* [AVAILABLE DATA]:
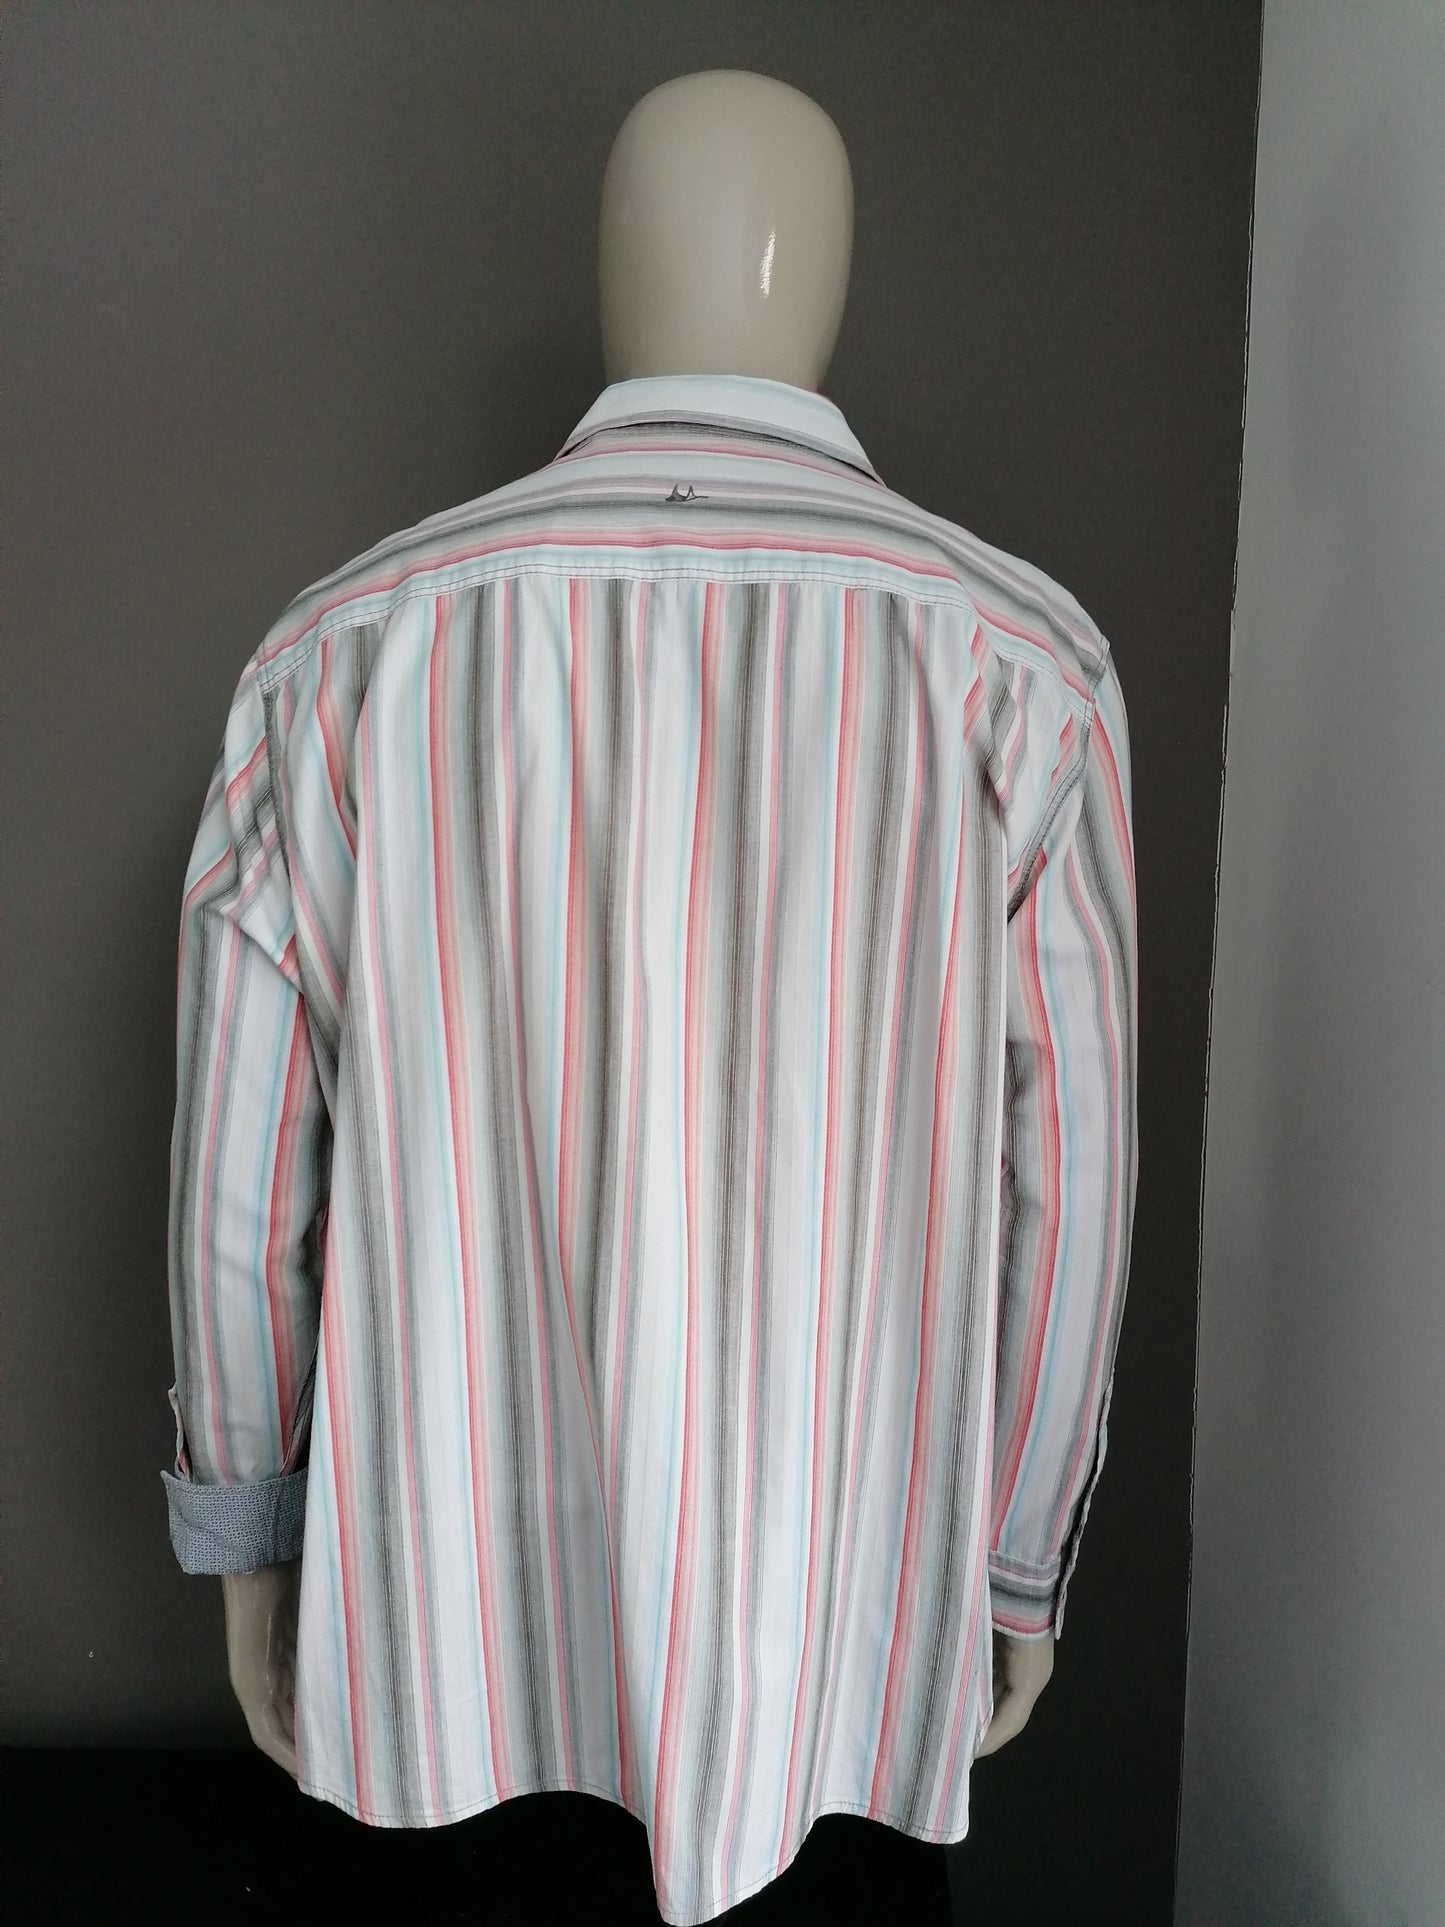 Mantray-Shirt. Rotes graues blaues Weiß gestreift. Größe XXXL / 3XL.
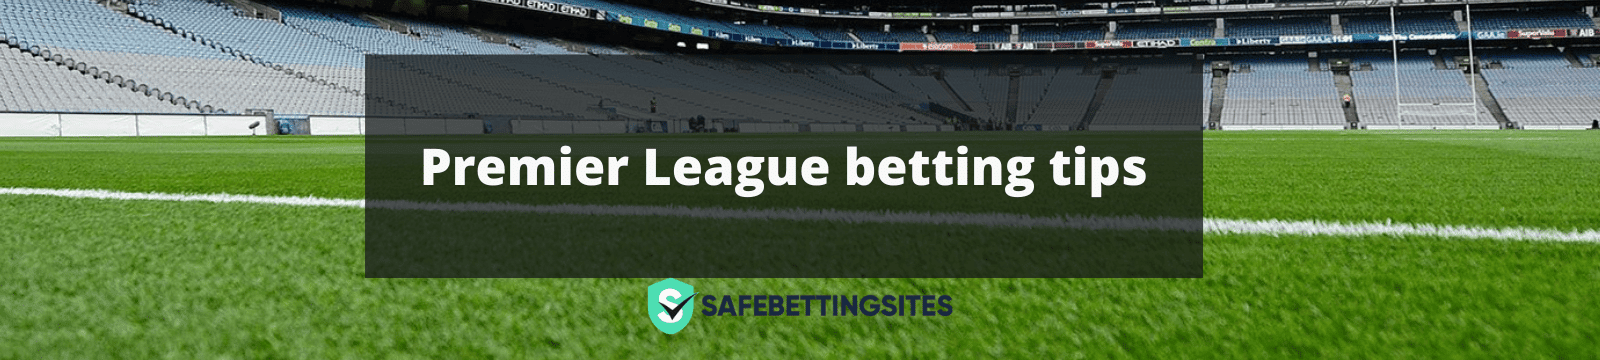 Premier League betting tips
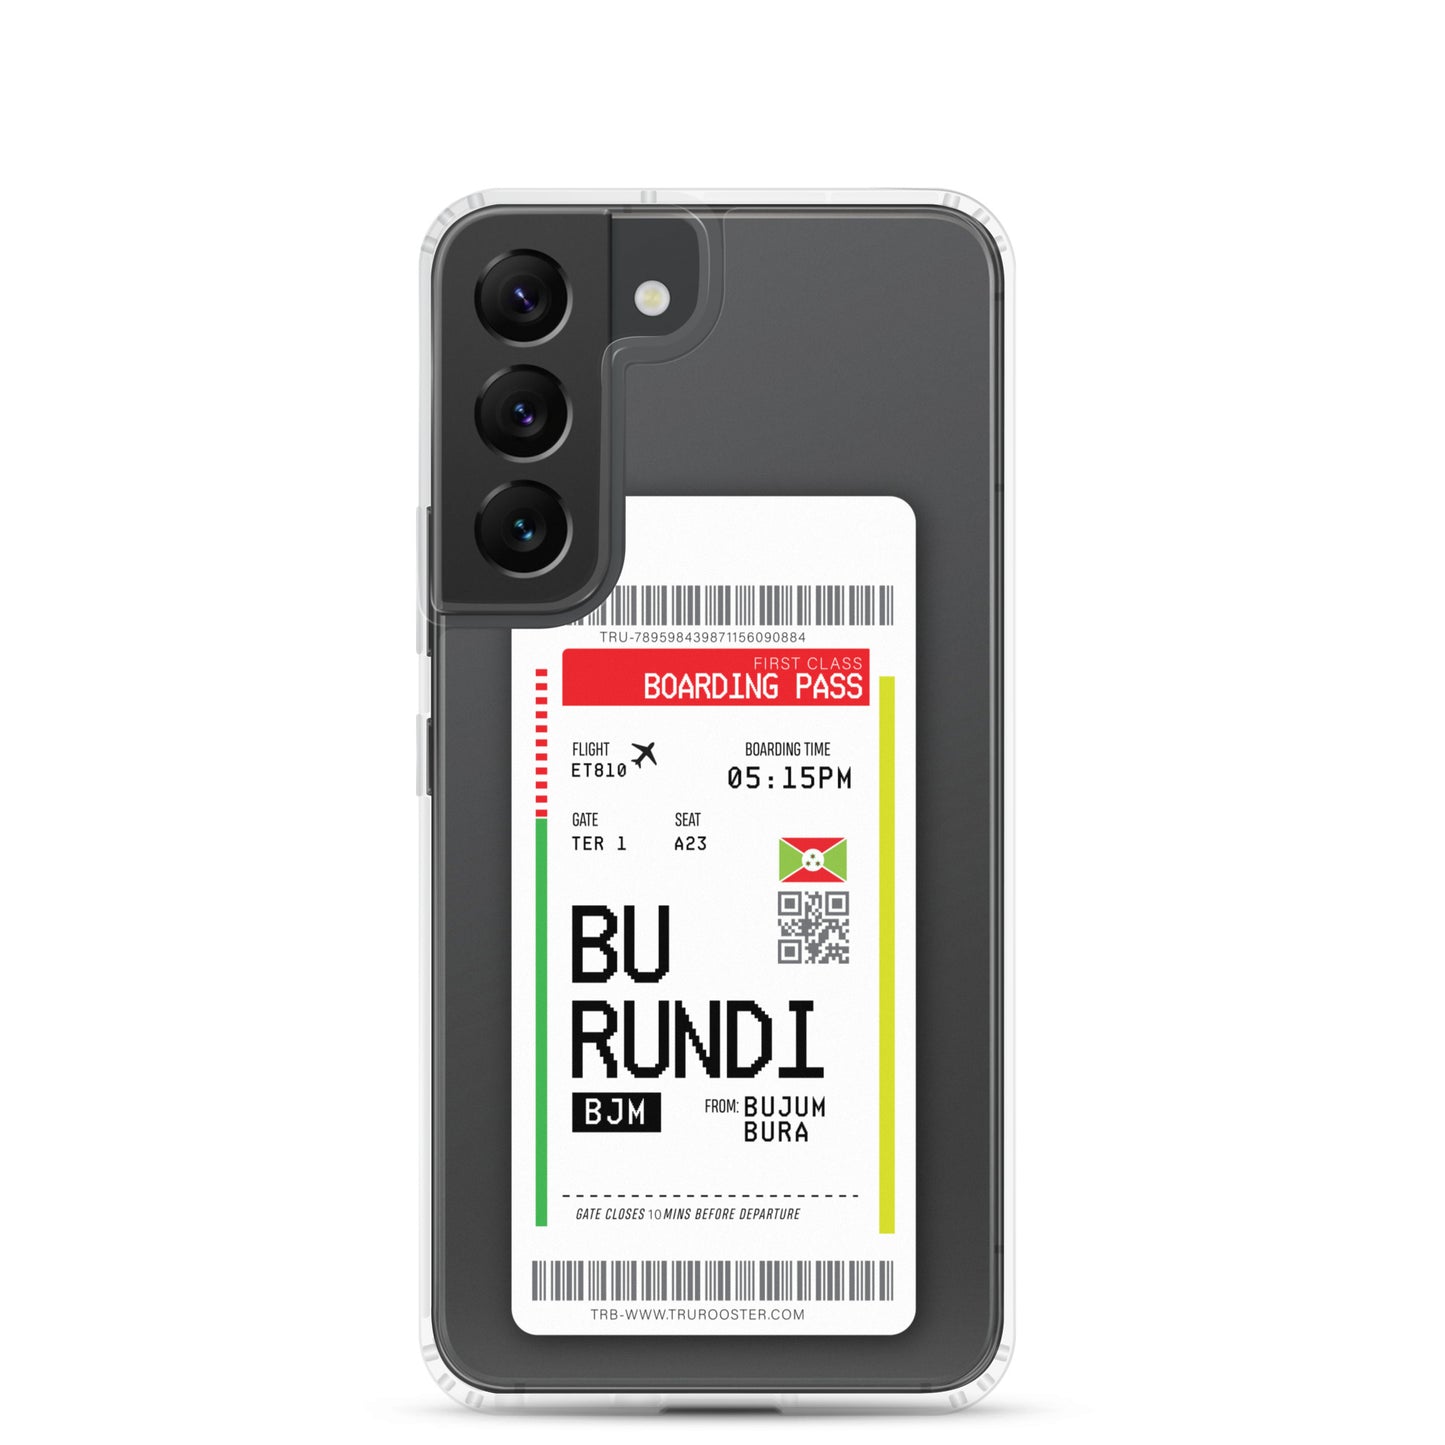 Burundi Transit Boarding Pass Samsung Case
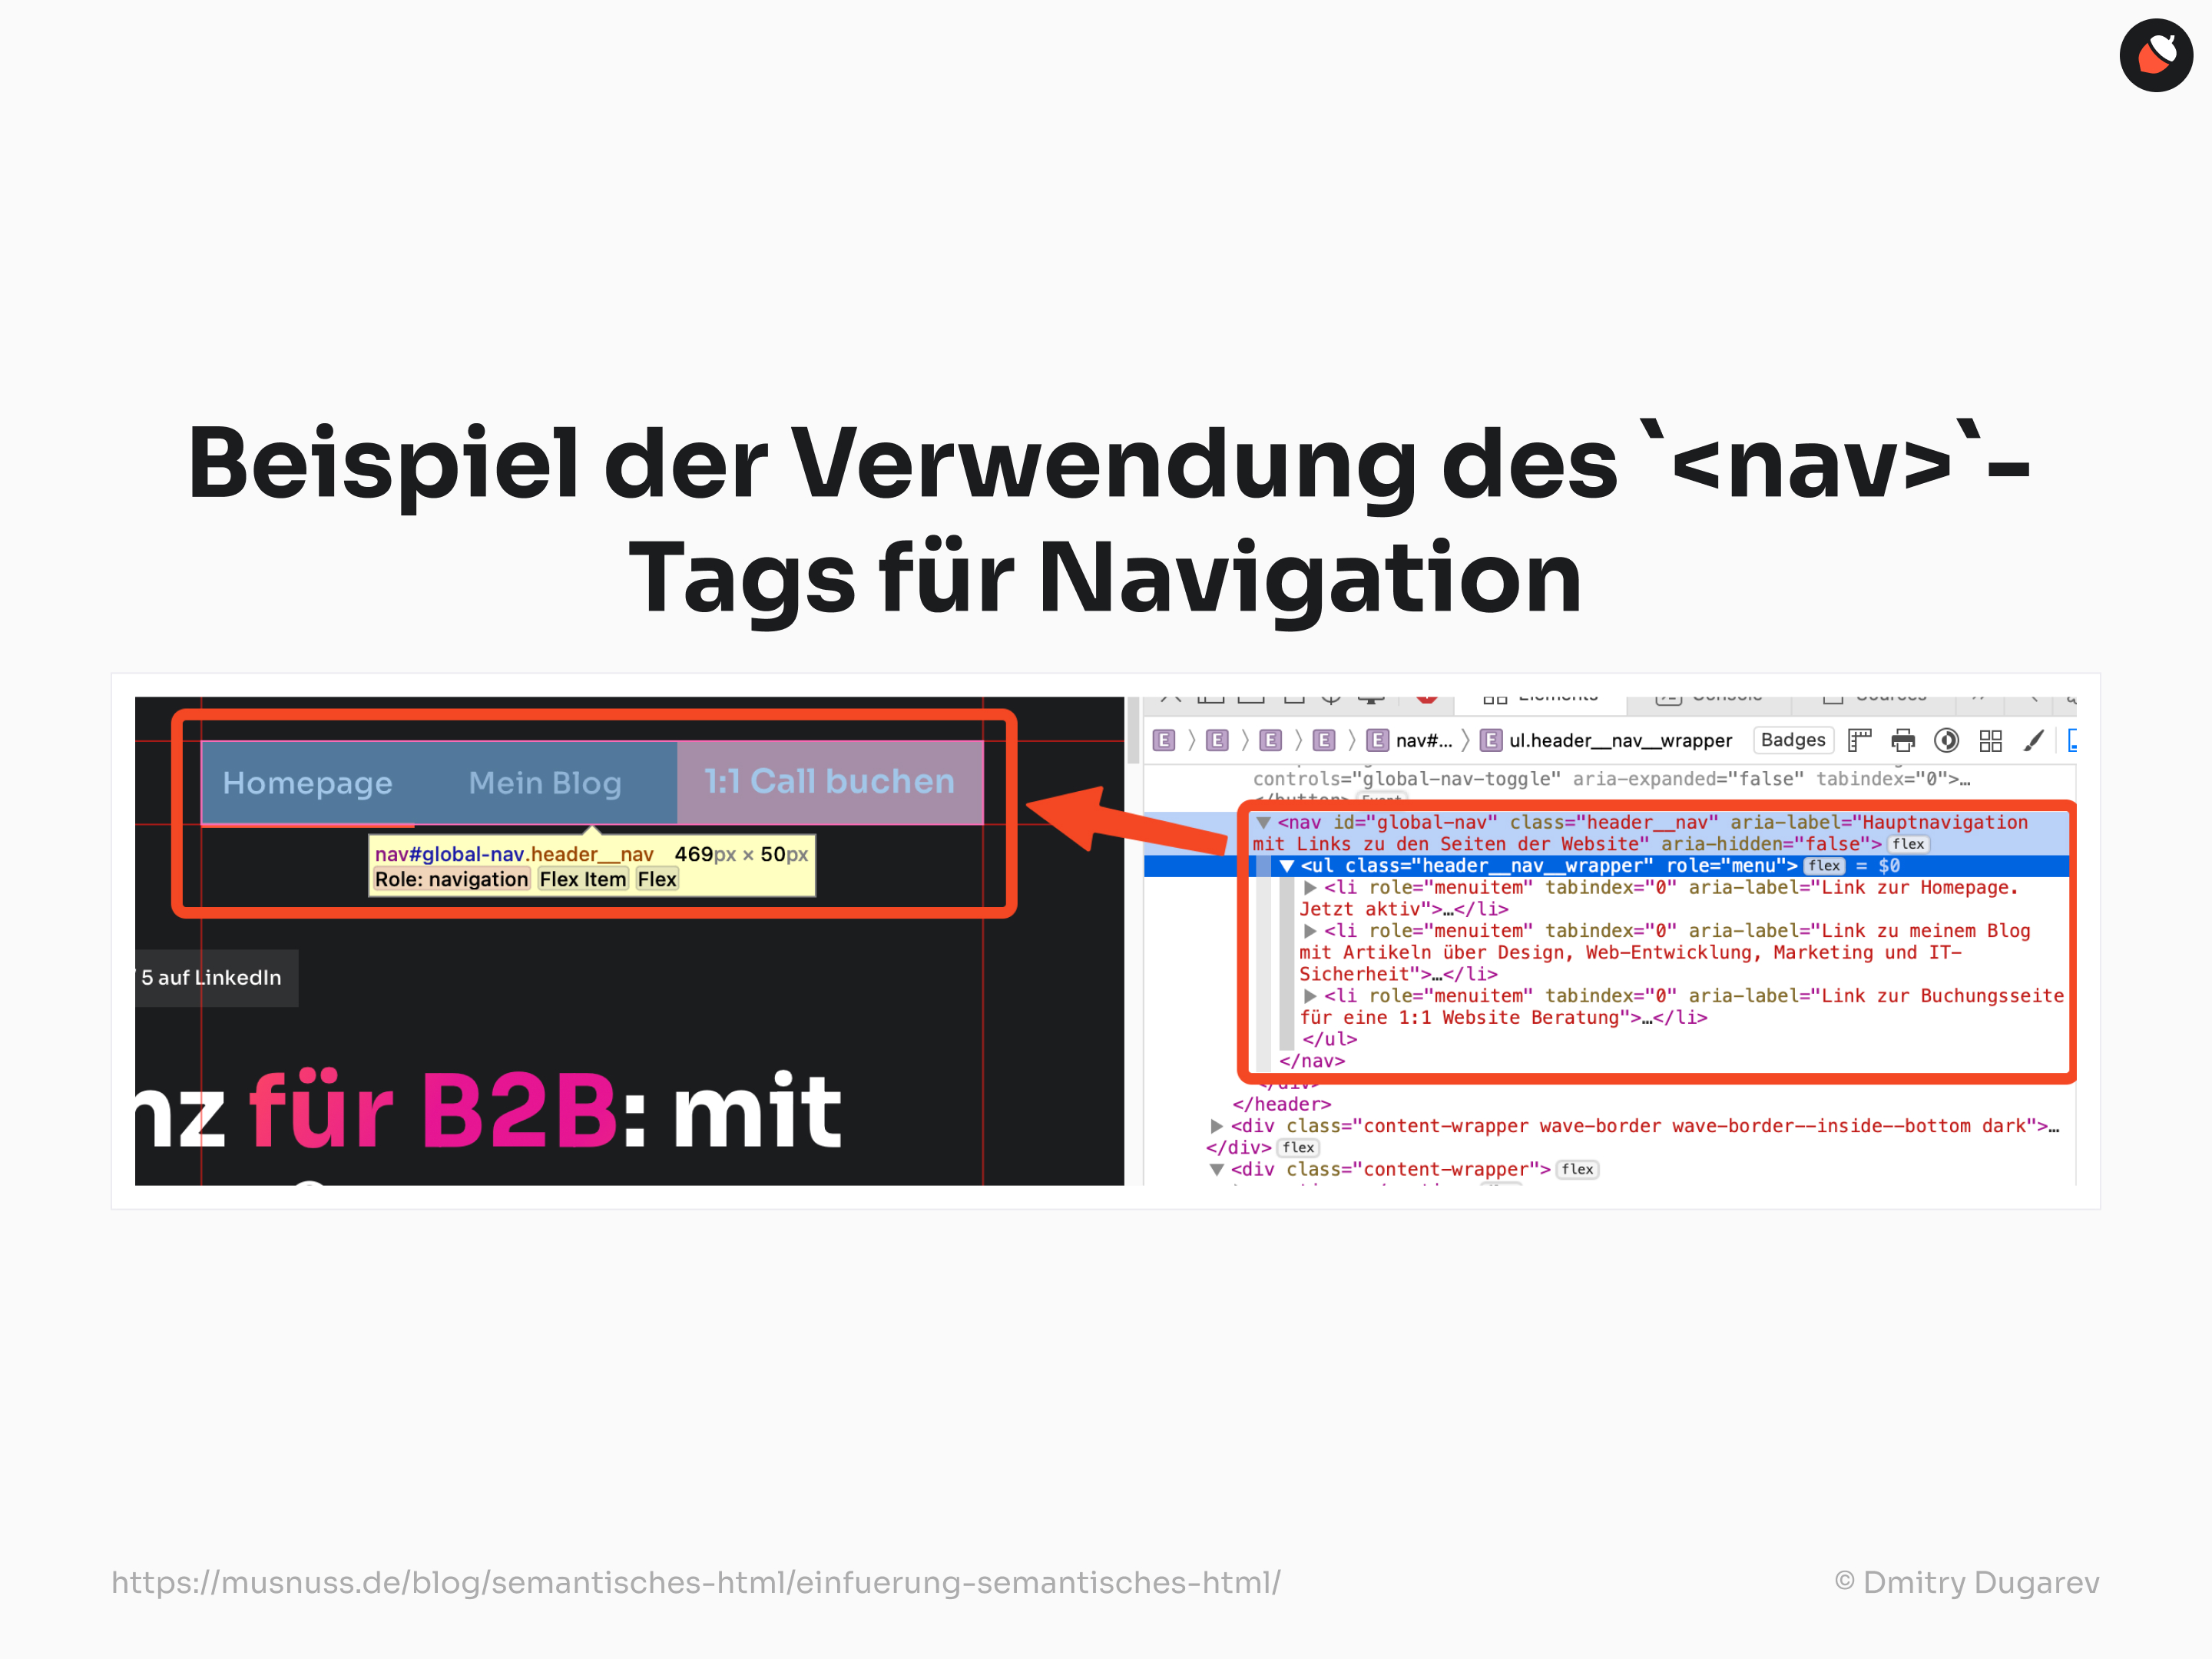 Ein Beispiel für die Verwendung des <nav>-Tags in HTML zur Navigation, das zeigt, wie Links zu verschiedenen Seiten der Website strukturiert werden.

* [EXERCISE DIRECTIONS]: With the images removed, reproduce all the material above word for word.

* [ANSWER FOR THIS EXERCISE]:
 Mantray-Shirt. Rotes graues blaues Weiß gestreift. Größe XXXL / 3XL.
 Premier League betting tips
 Burundi Transit Boarding Pass Samsung Case
 Ein Beispiel für die Verwendung des <nav>-Tags in HTML zur Navigation, das zeigt, wie Links zu verschiedenen Seiten der Website strukturiert werden.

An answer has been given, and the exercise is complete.